Earlier this year Gulraiz Sharif won the monthly LUCHS award for Ey Hör Mal!, the German edition of his debut novel Listen up!, and now we can finally share that he is also awarded the LUCHS of the year.

Every year DIE ZEIT and Radio Bremen together award the LUCHS to one children’s or young adult book each month of the year, and one of the winners is awarded the LUCHS of the year. This is one of Germany's most prestigious prizes awarded to children's and young adult literature, so we are thrilled to congratulate Gulraiz Sharif, his translators Meike Blatzheim and Sarah Onkels, and his German publishing house Arctis Verlag on this fantastic achievement!

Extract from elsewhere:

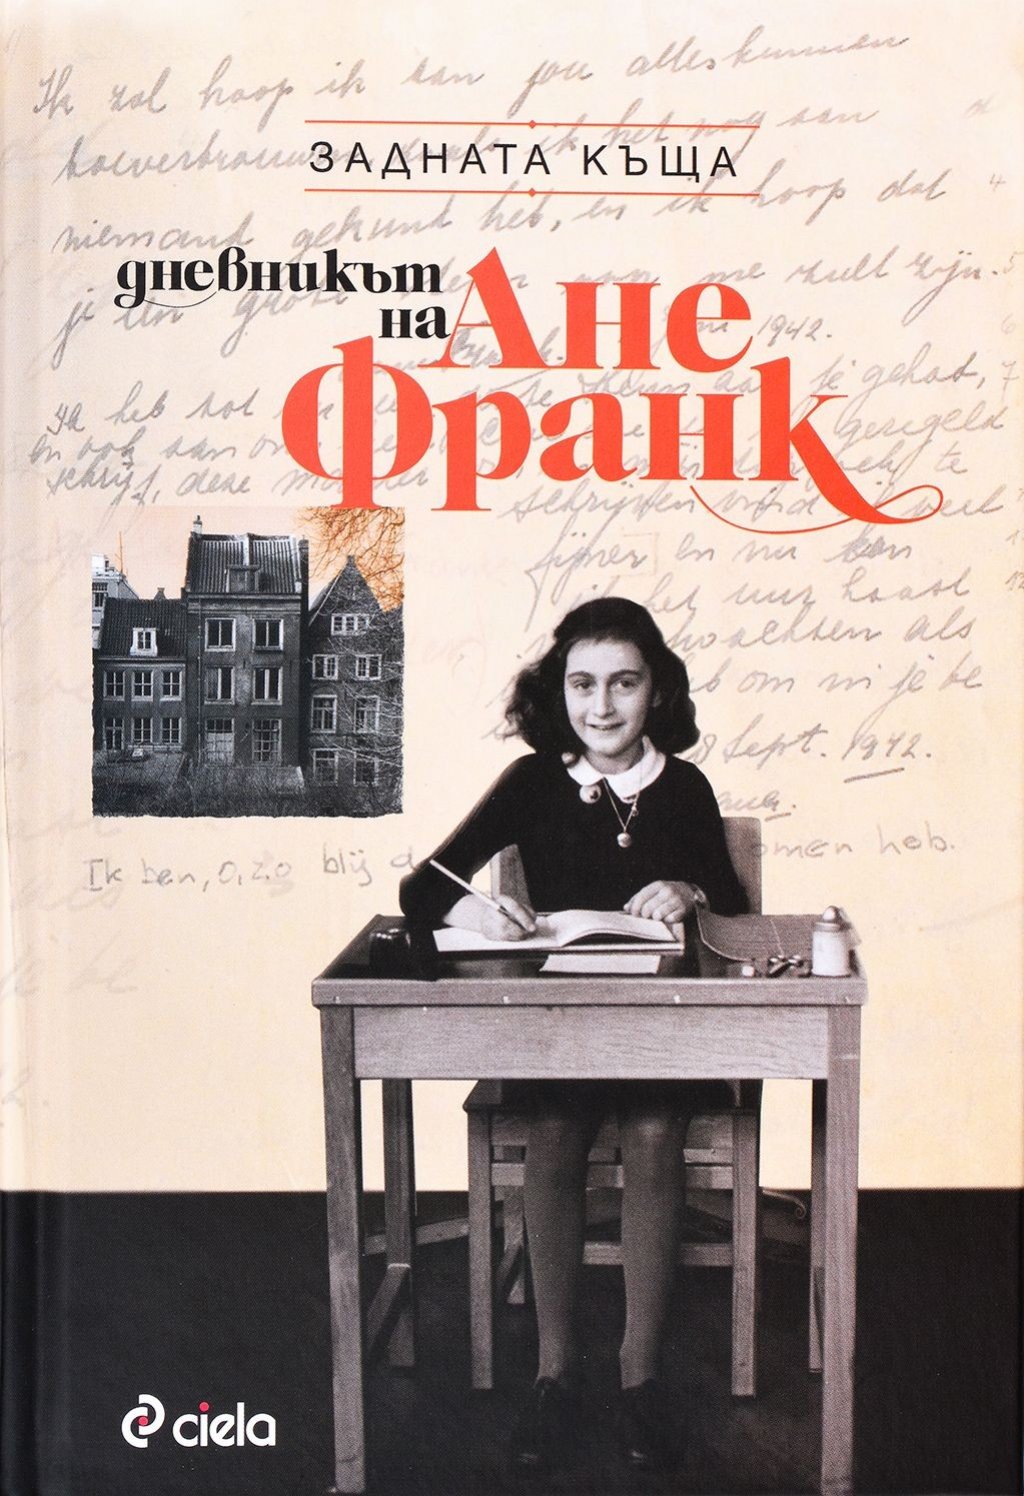 "Дневникът на Ане Франк" е вероятно най-четеният дневник в света. И най-известната книга, писана от дете. И най-превежданата книга от холандски. В него Ане Франк разказва за укриването си в къщата на семейството ѝ в Амстердам, за ареста им и пребиваването им в концлагер. Ане умира в концлагера Берген-Белсен два месеца преди освобождението на Холандия.

The award will be presented to at the Leipzig book fair in April.

 

Jury’s statement

Unique - that's what you can, no, you have to call this impressive debut. Rarely does a novel have such a unique sound; and to translate it into German just as powerfully and convincingly is masterly done: a 15-year-old 'ghetto kid' who says straight out what he thinks. Sometimes hard, sometimes flippant, sometimes affectionate, sometimes downright poetic, but always straightforward, uncompromising - and thus revealing. One should not be fooled by the coarse, direct language: Here, an alert and intelligent observer with a good dose of self-irony asks himself big questions - and passes them on to the readers with heart and humor. Gulraiz Sharif sticks his finger in exactly the right wounds, he shows the breaking points of our supposedly liberal, multi-ethnic immigration societies and deals with major current issues such as racism and classism, queerness and identity. In doing so, Sharif plays subtly and very, very cleverly with the question: Who is allowed and able to speak, how and about what? The author, himself the son of Pakistani immigrants and a full-time teacher, provides plenty of material for self-reflection and further thinking, for doubting and learning. Ey Hör Mal! is a story about tolerance and belonging, about living out clichés and growing beyond them. A socially critical utopia with the best intentions – even if Mahmoud probably would put it differently.